Data segment:

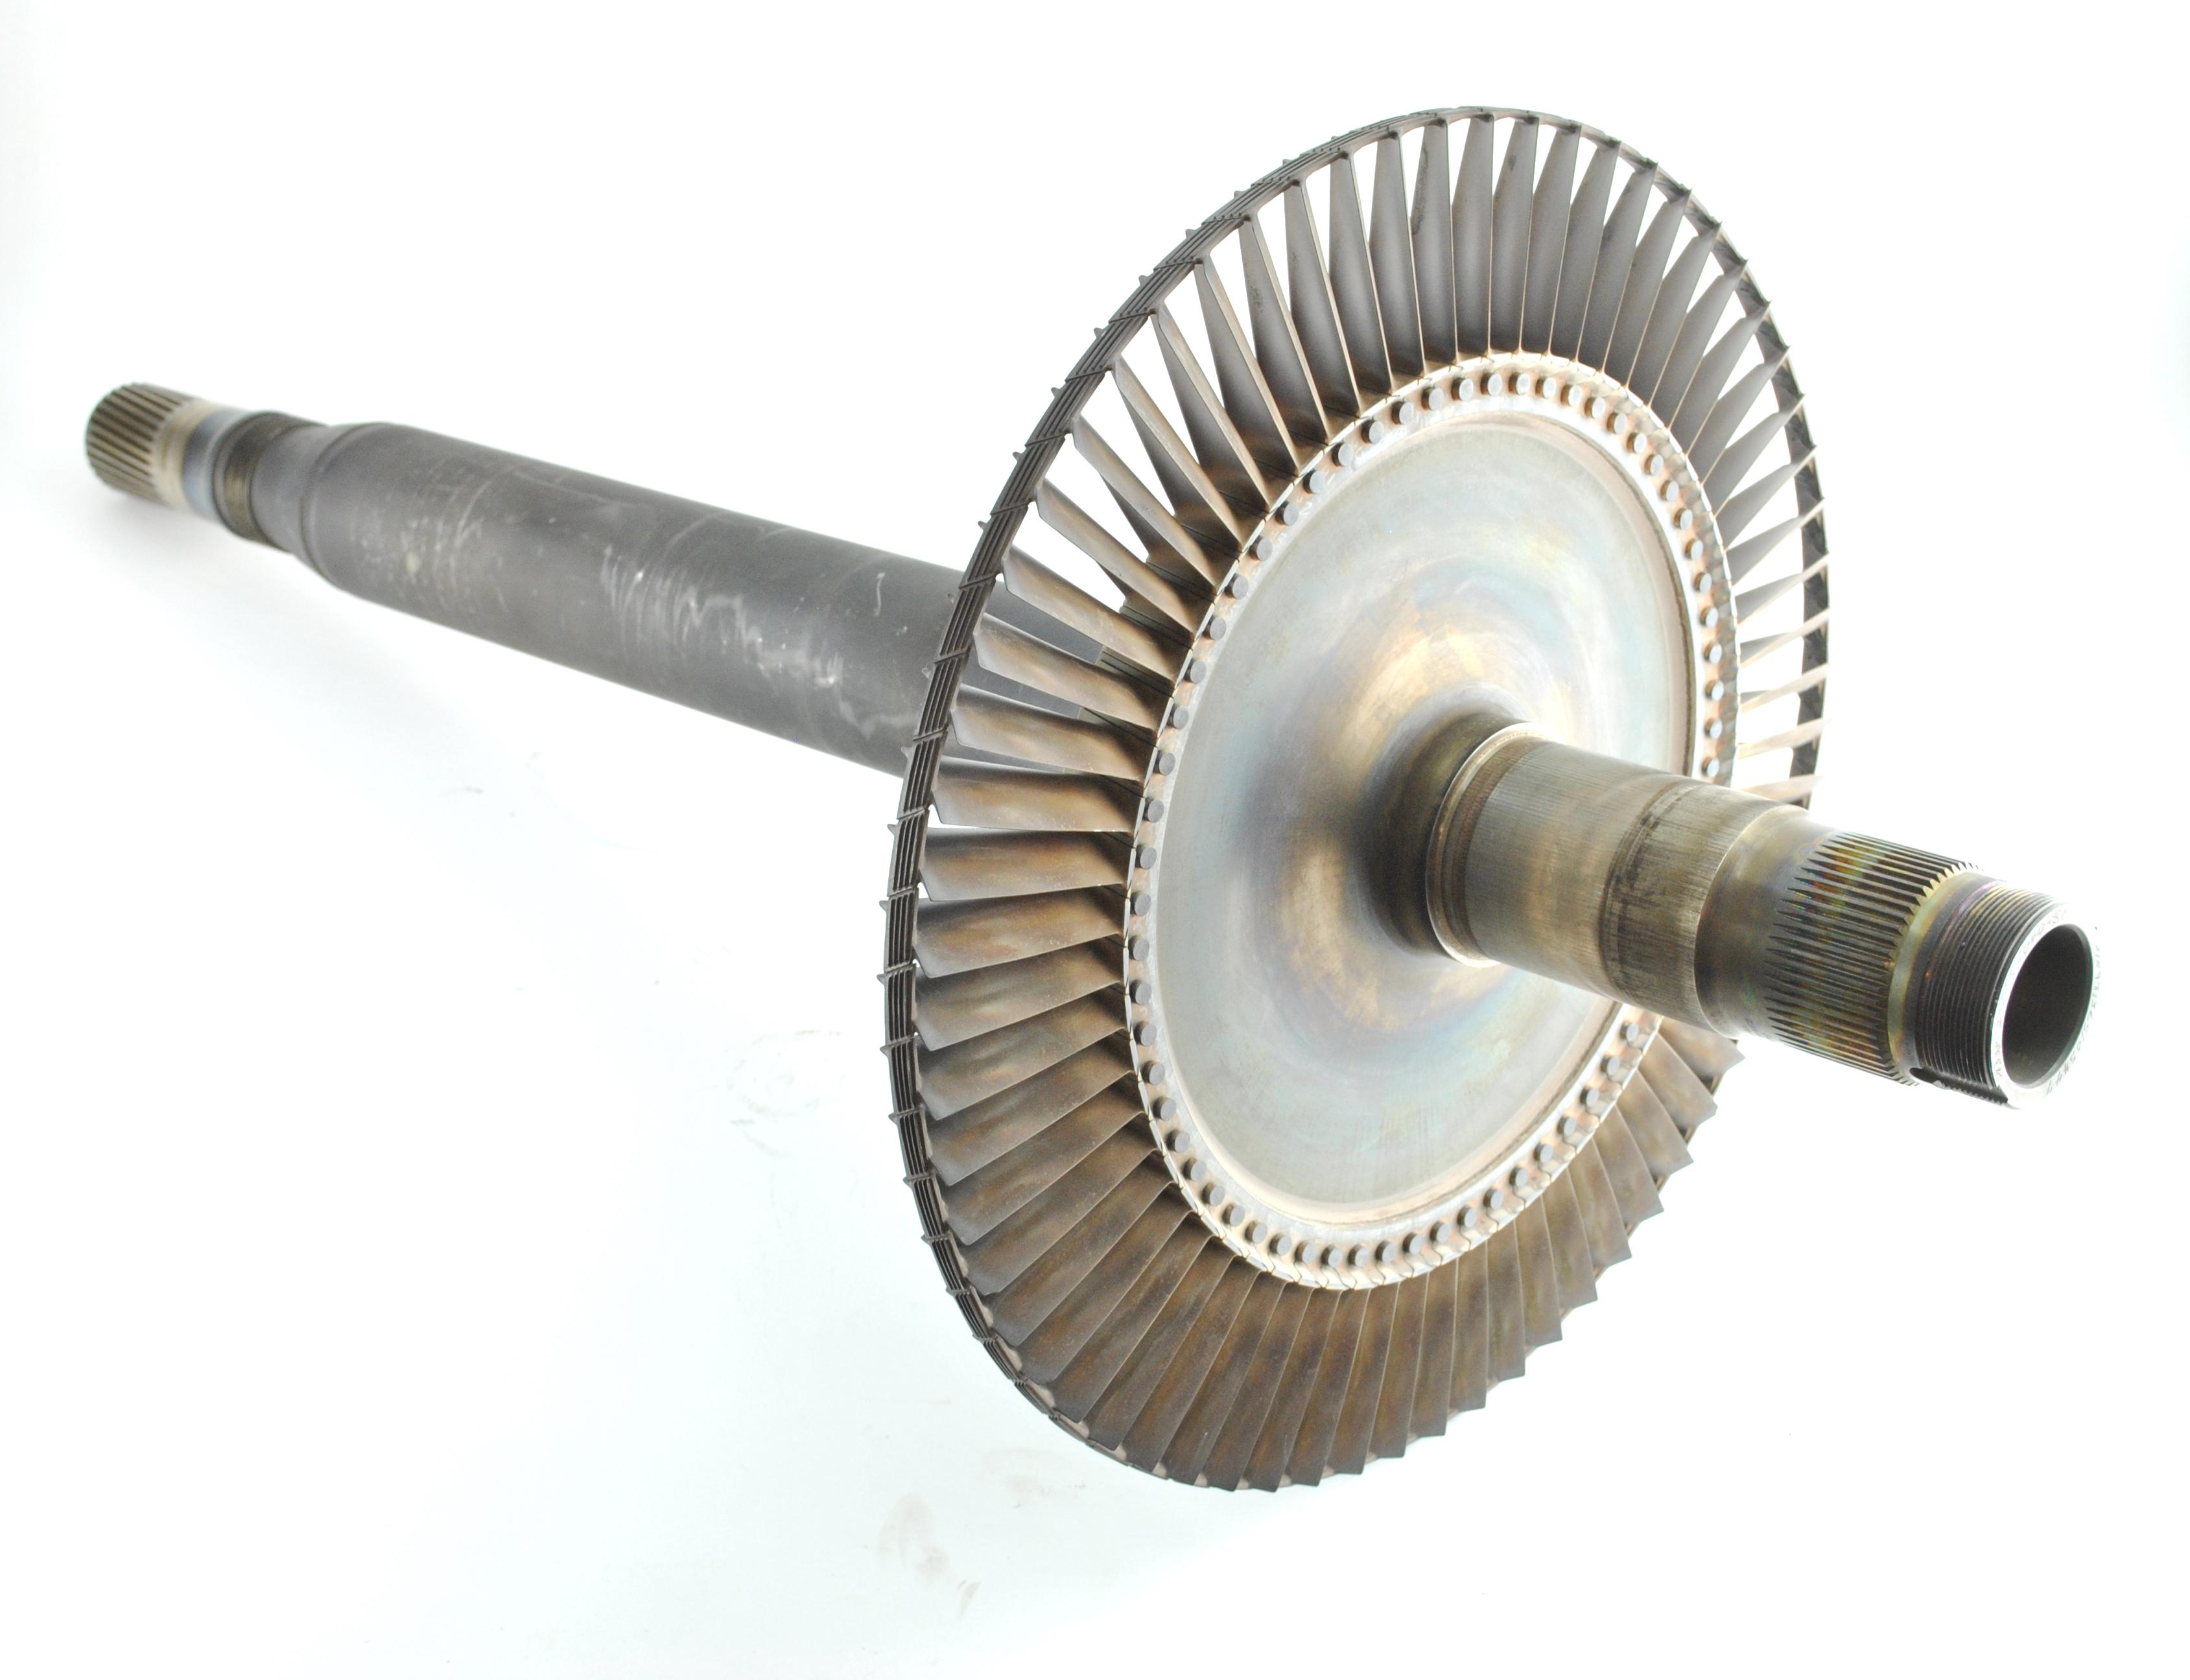 turbine jet engine shaft
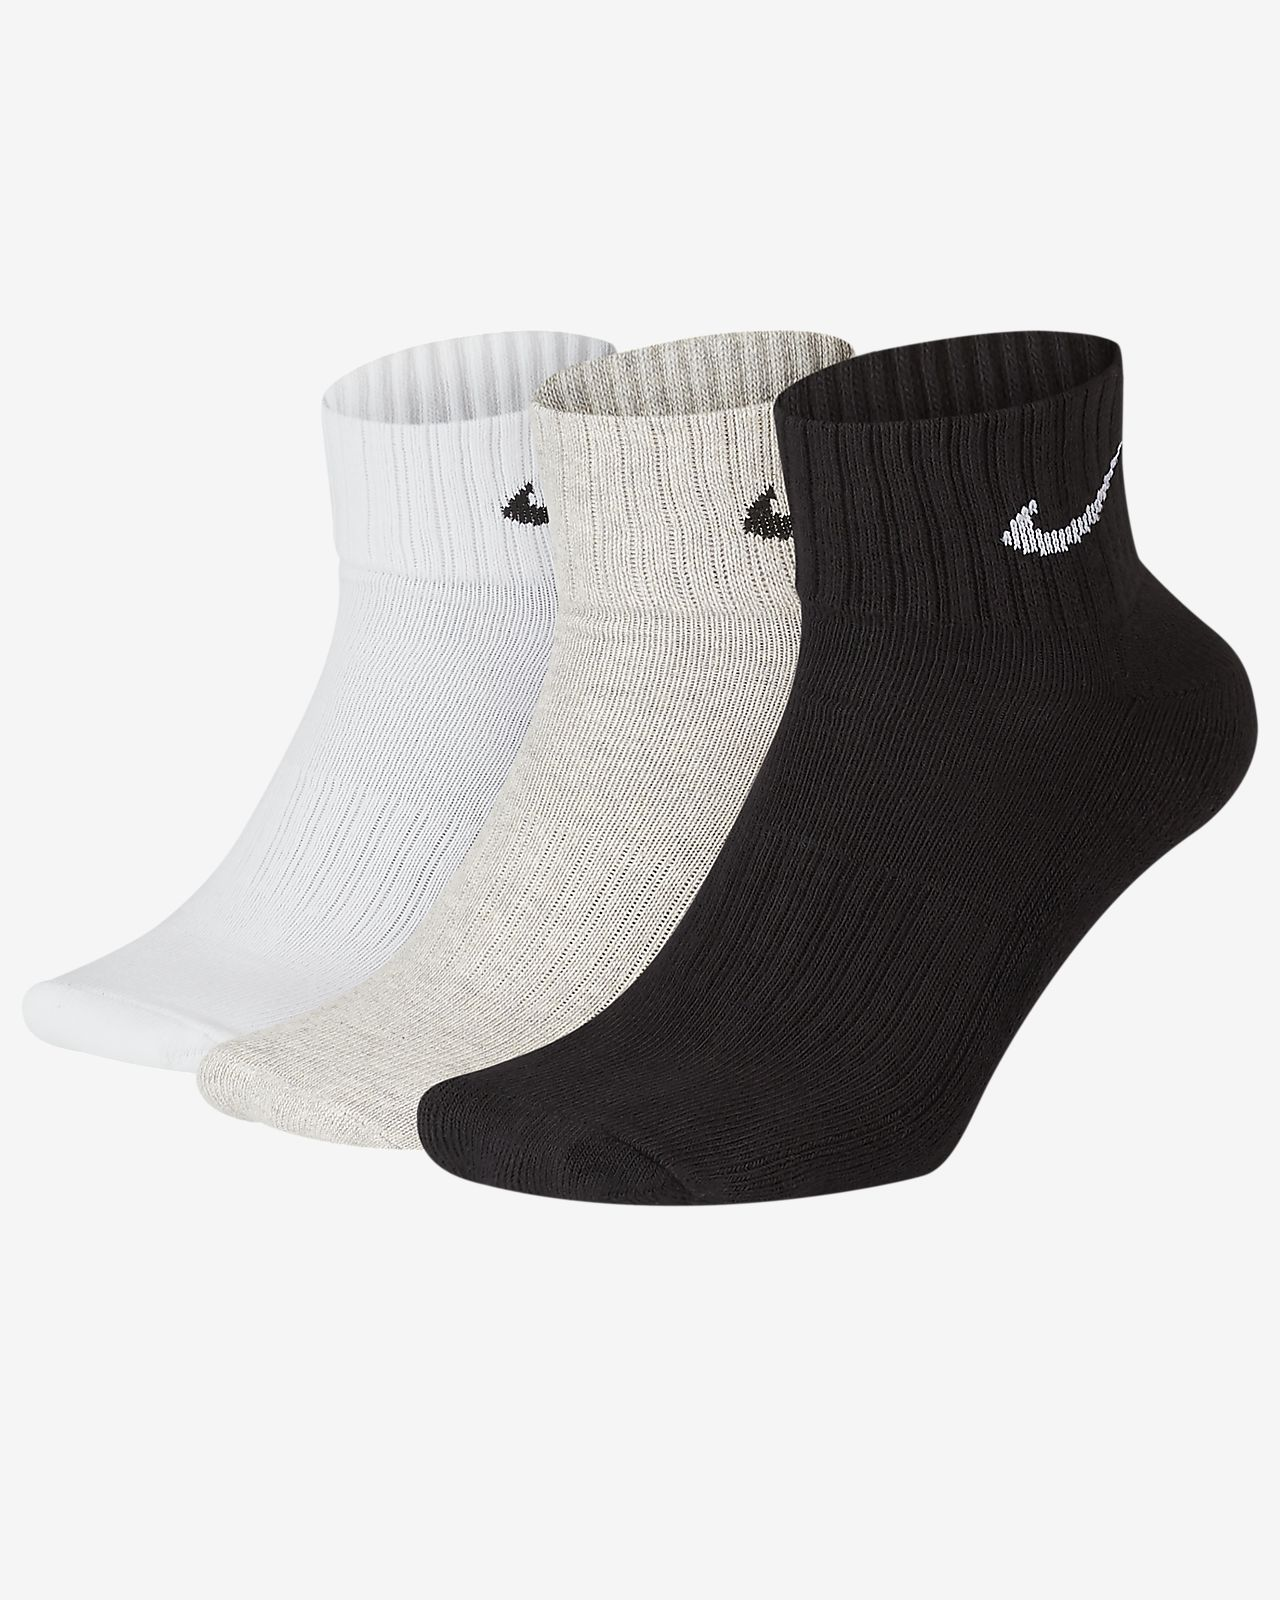 Nike Cushion ankelsokker til trening (3 par)
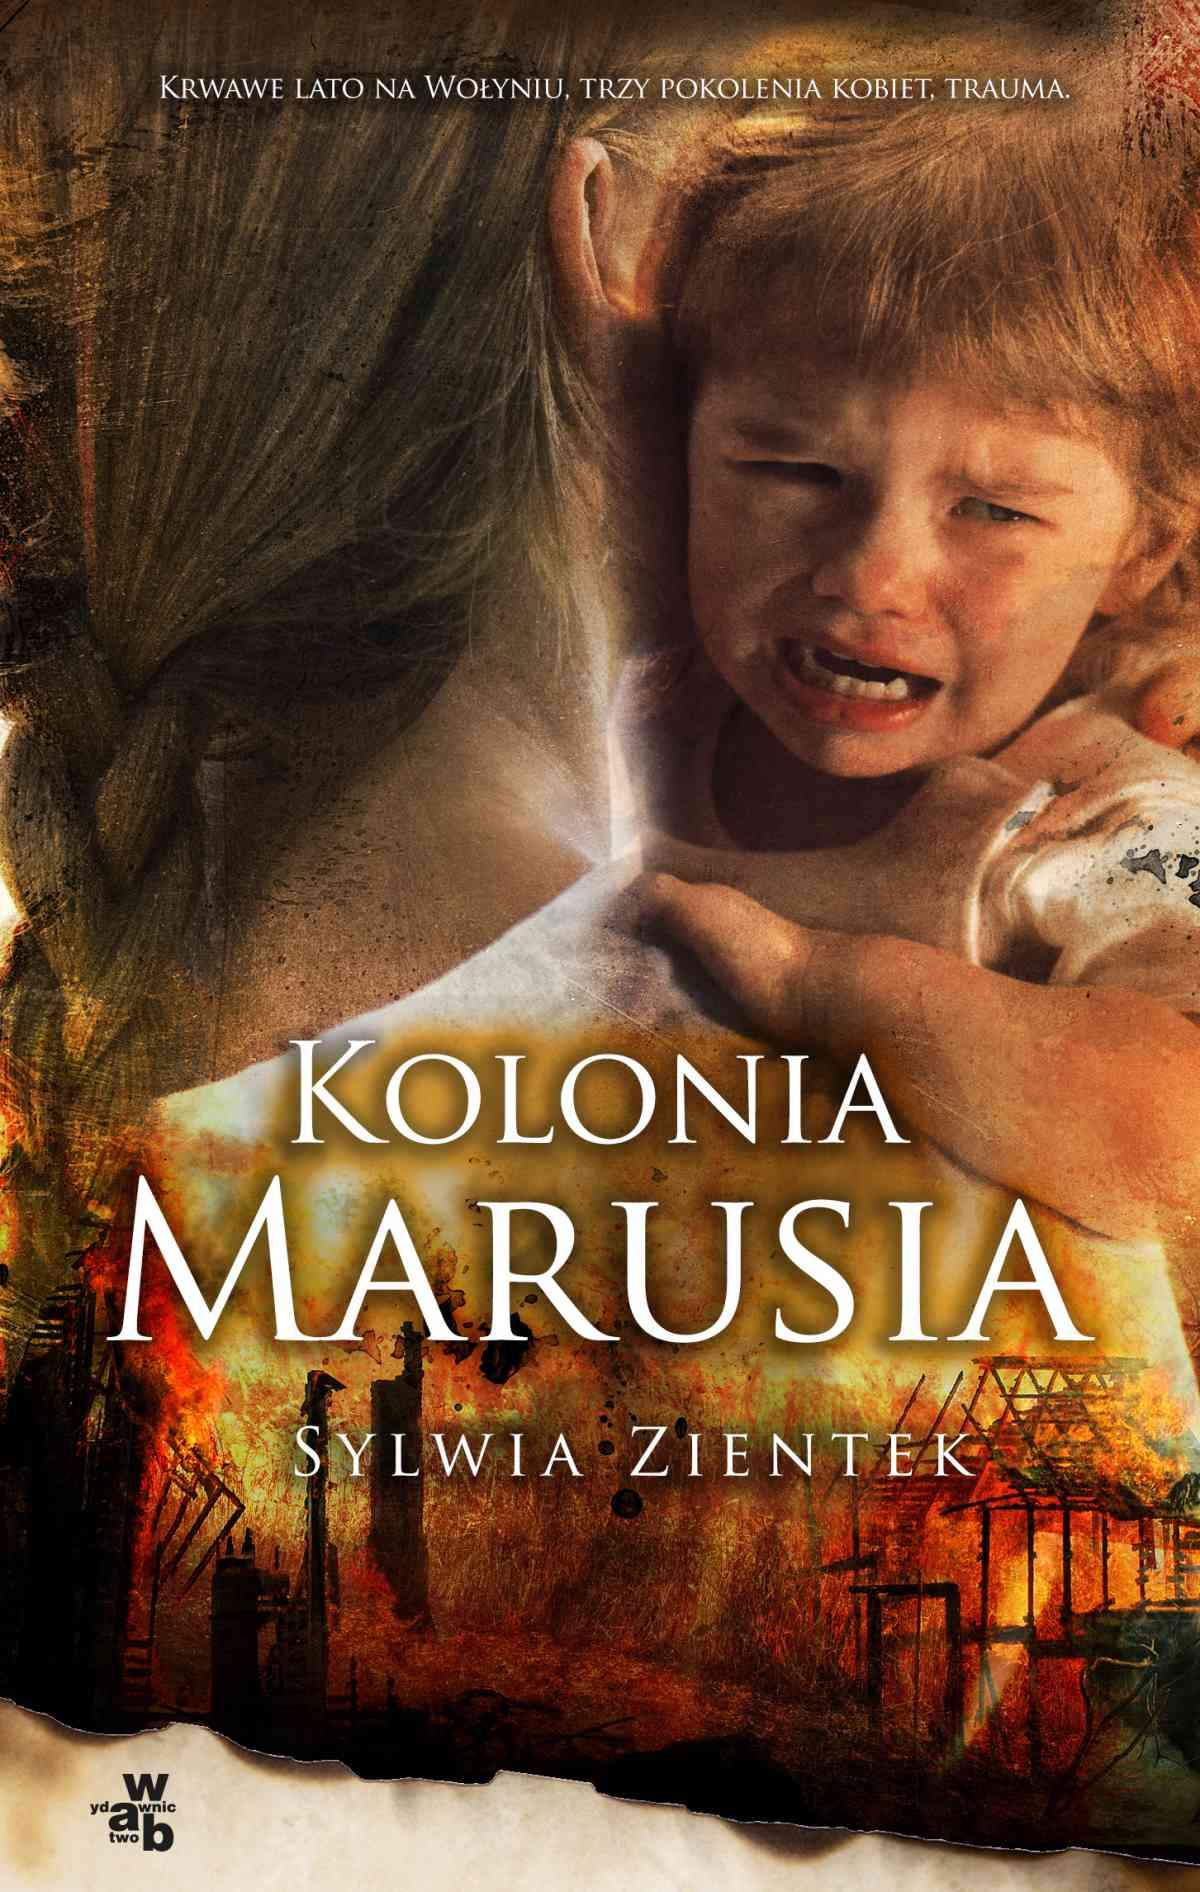 Kolonia Marusia - Ebook (Książka EPUB) do pobrania w formacie EPUB

Activity: Reproduce word for word the lines running from the line with "Nike Cushion ankelsokker til trening (3 par)" through the end of the data, both included, and nothing else; leave out the pictures.

Your response:
 Nike Cushion ankelsokker til trening (3 par)
 Kolonia Marusia - Ebook (Książka EPUB) do pobrania w formacie EPUB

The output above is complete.